Published Feb. 19, 2010 8:31 p.m. ET

Those perennially youthful Florida Marlins are starting to show a little age.

Five members of the Marlins' talented rookie class of 2006 are back for the start of another spring training, lending a rare sense of continuity to a franchise known for constant roster turnover. The group includes ace Josh Johnson, NL batting champion Hanley Ramirez and slugging second baseman Dan Uggla.

Johnson will be part of the first workout for pitchers and catchers Saturday in Jupiter, Fla. Ramirez, Uggla and other position players are scheduled to report Tuesday.

``We have some older guys now,'' president of baseball operations Larry Beinfest said. ``It's weird to say that, but they've been here coming up on their fifth year. We take a lot of pride in our homegrown players. It has been fun to watch them grow up together.''


Johnson and his classmates are still twenty-somethings, but by the Marlins' standards, they're wily old veterans. Fifth-year major leaguers tend to be too pricey for Florida's tight budget, but after the players' union complained about the small payroll, the Marlins signed Johnson last month to a $39 million, four-year contract. And when trade talks involving Uggla failed to produce a deal, Florida gave him a $7.8 million, one-year contract.

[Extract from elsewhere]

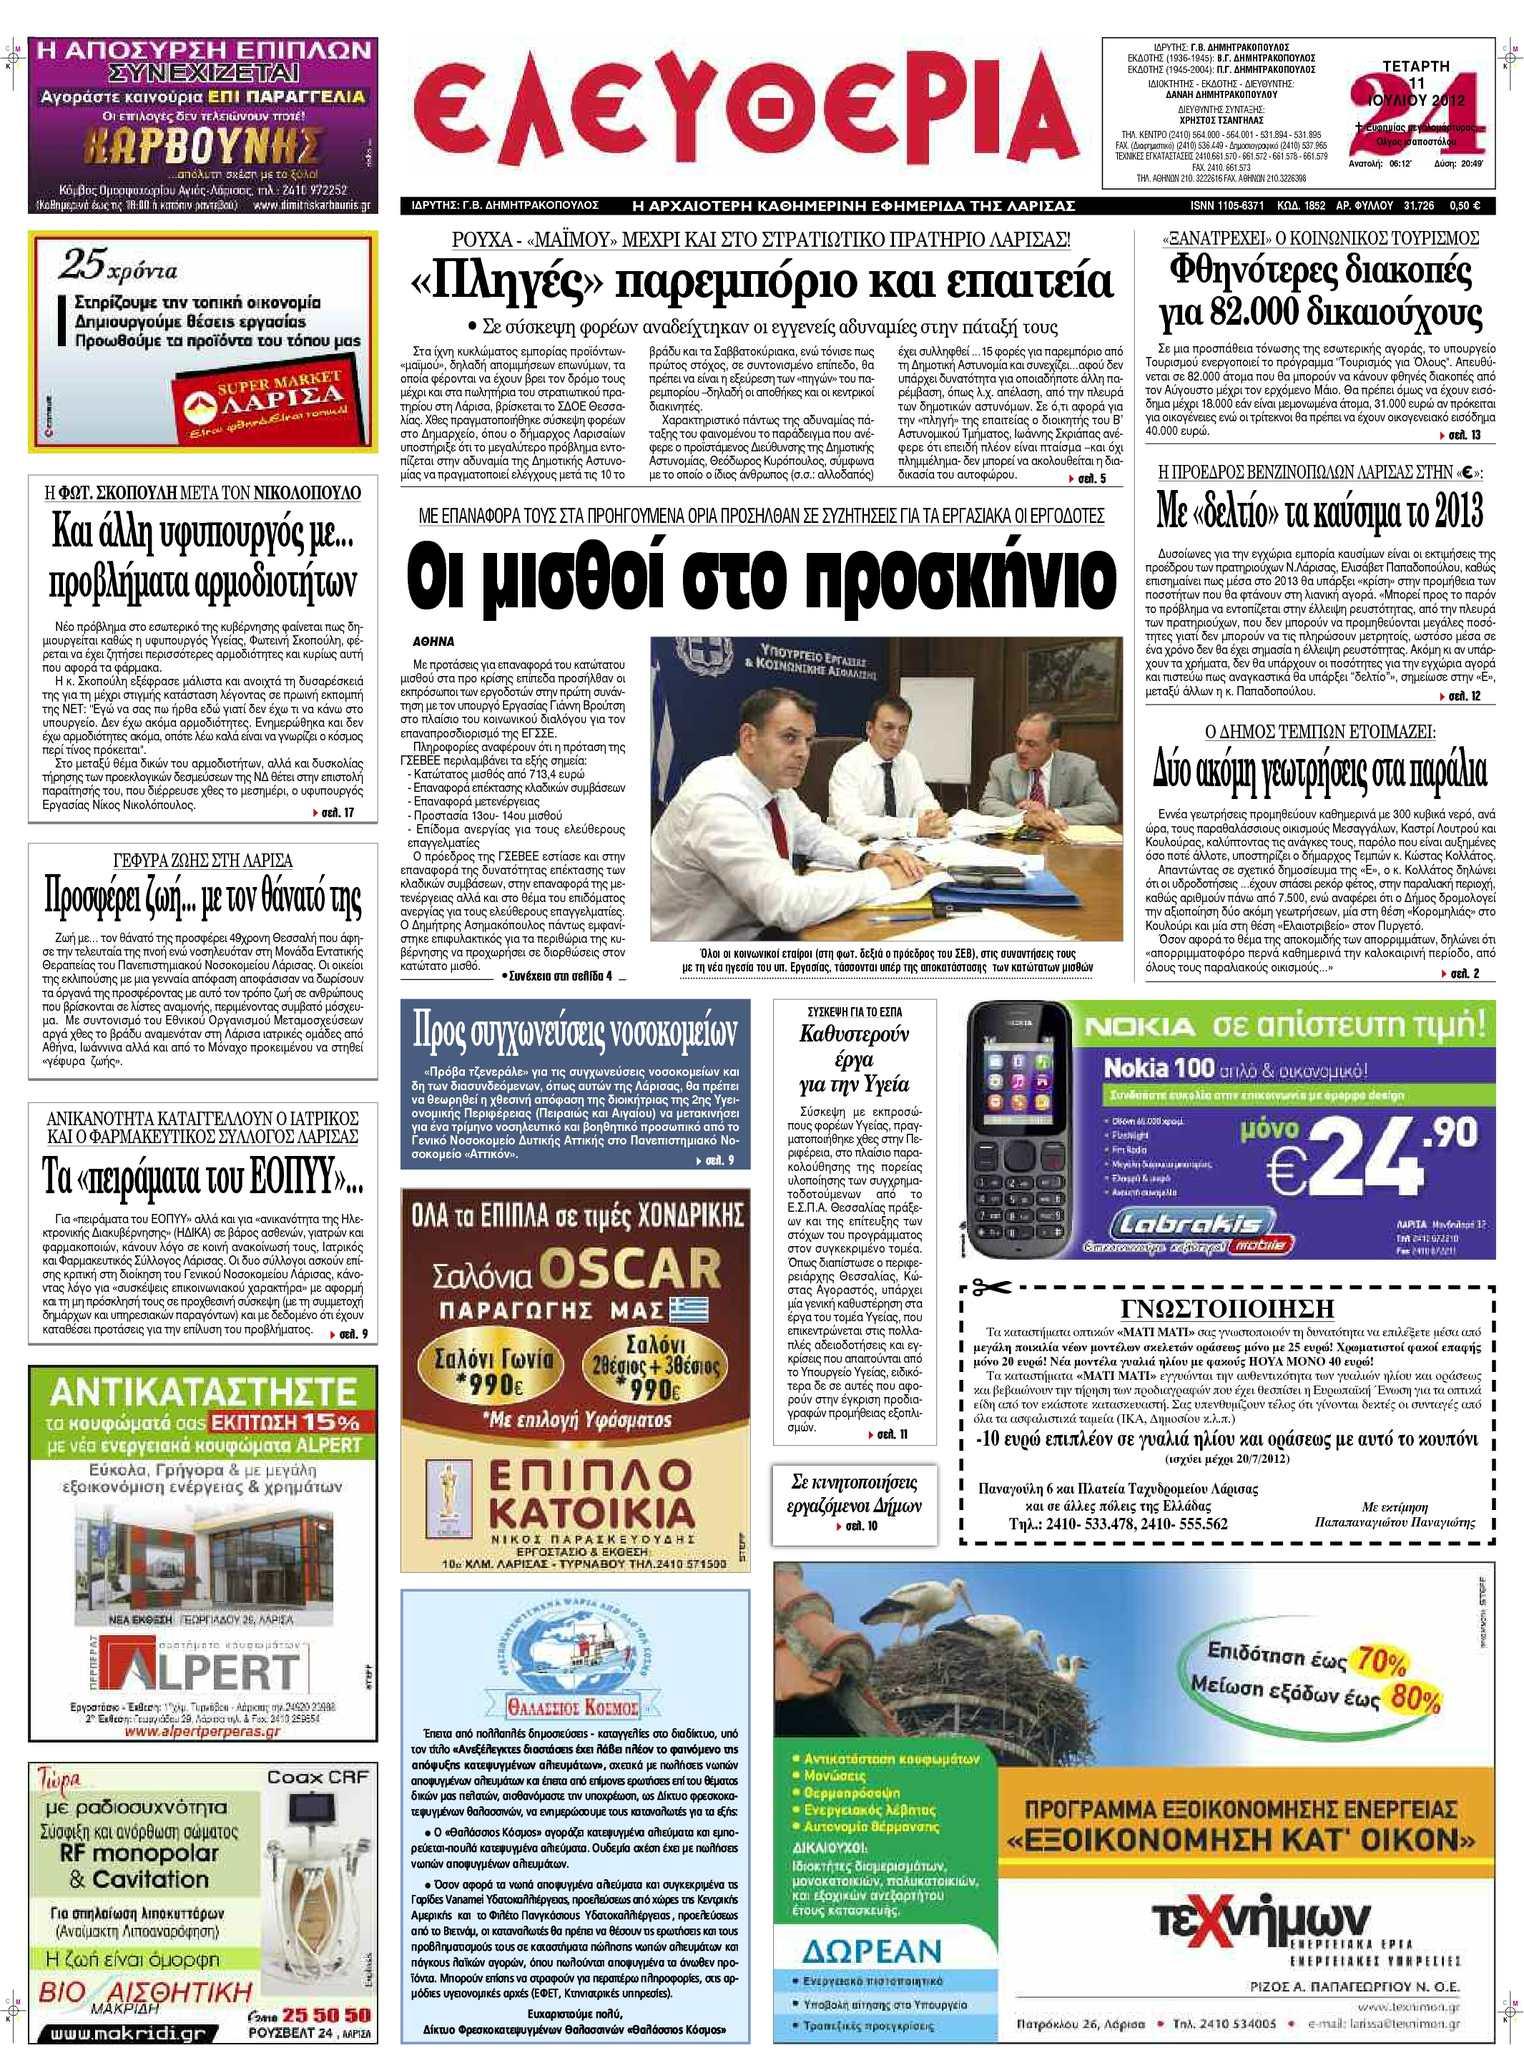 Calaméo - Eleftheria.gr 11 07 2012 5ddc631ecc0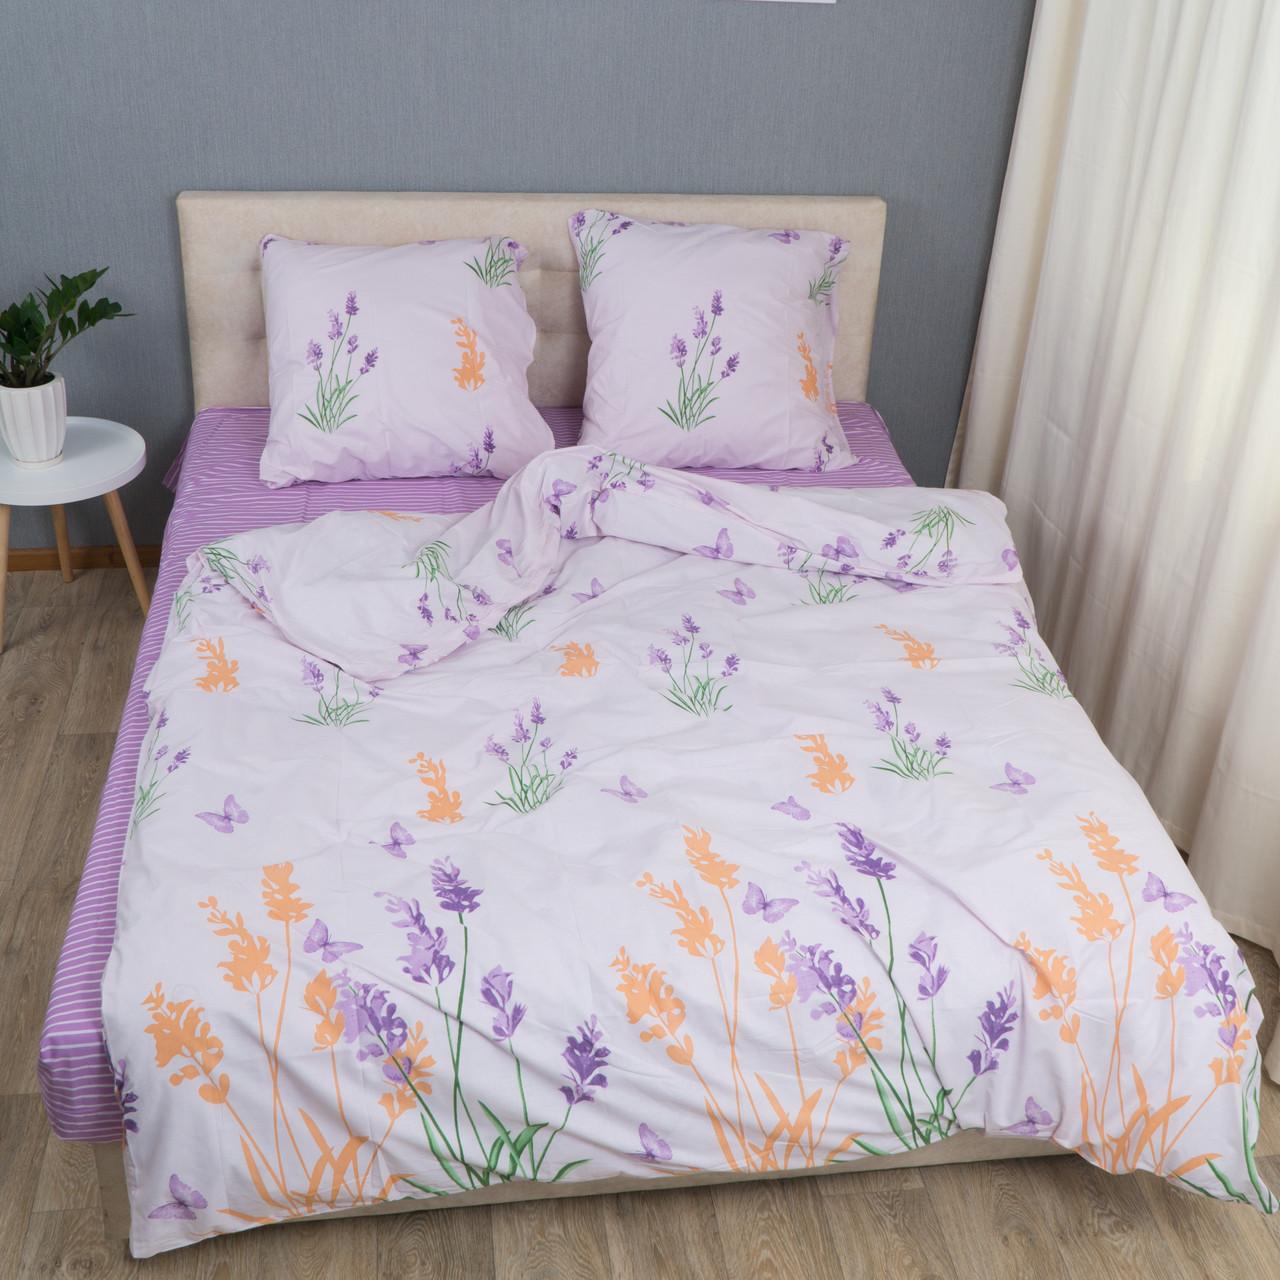 Комплект постельного белья Le Confort «Цветы на белом» 180x220 Бязь

Also back for a fifth season with the Marlins are right-handers Ricky Nolasco and Anibal Sanchez.

``We're very thankful the Marlins made this happen, because we love each other, we love this team and we want to win,'' Uggla said. ``With us staying together, we have a chance.''

The Marlins return largely intact after winning 87 games last year and finishing only six games behind league champion Philadelphia in the NL East. The biggest loss was first baseman Nick Johnson, who played 35 games for Florida after being acquired at midseason.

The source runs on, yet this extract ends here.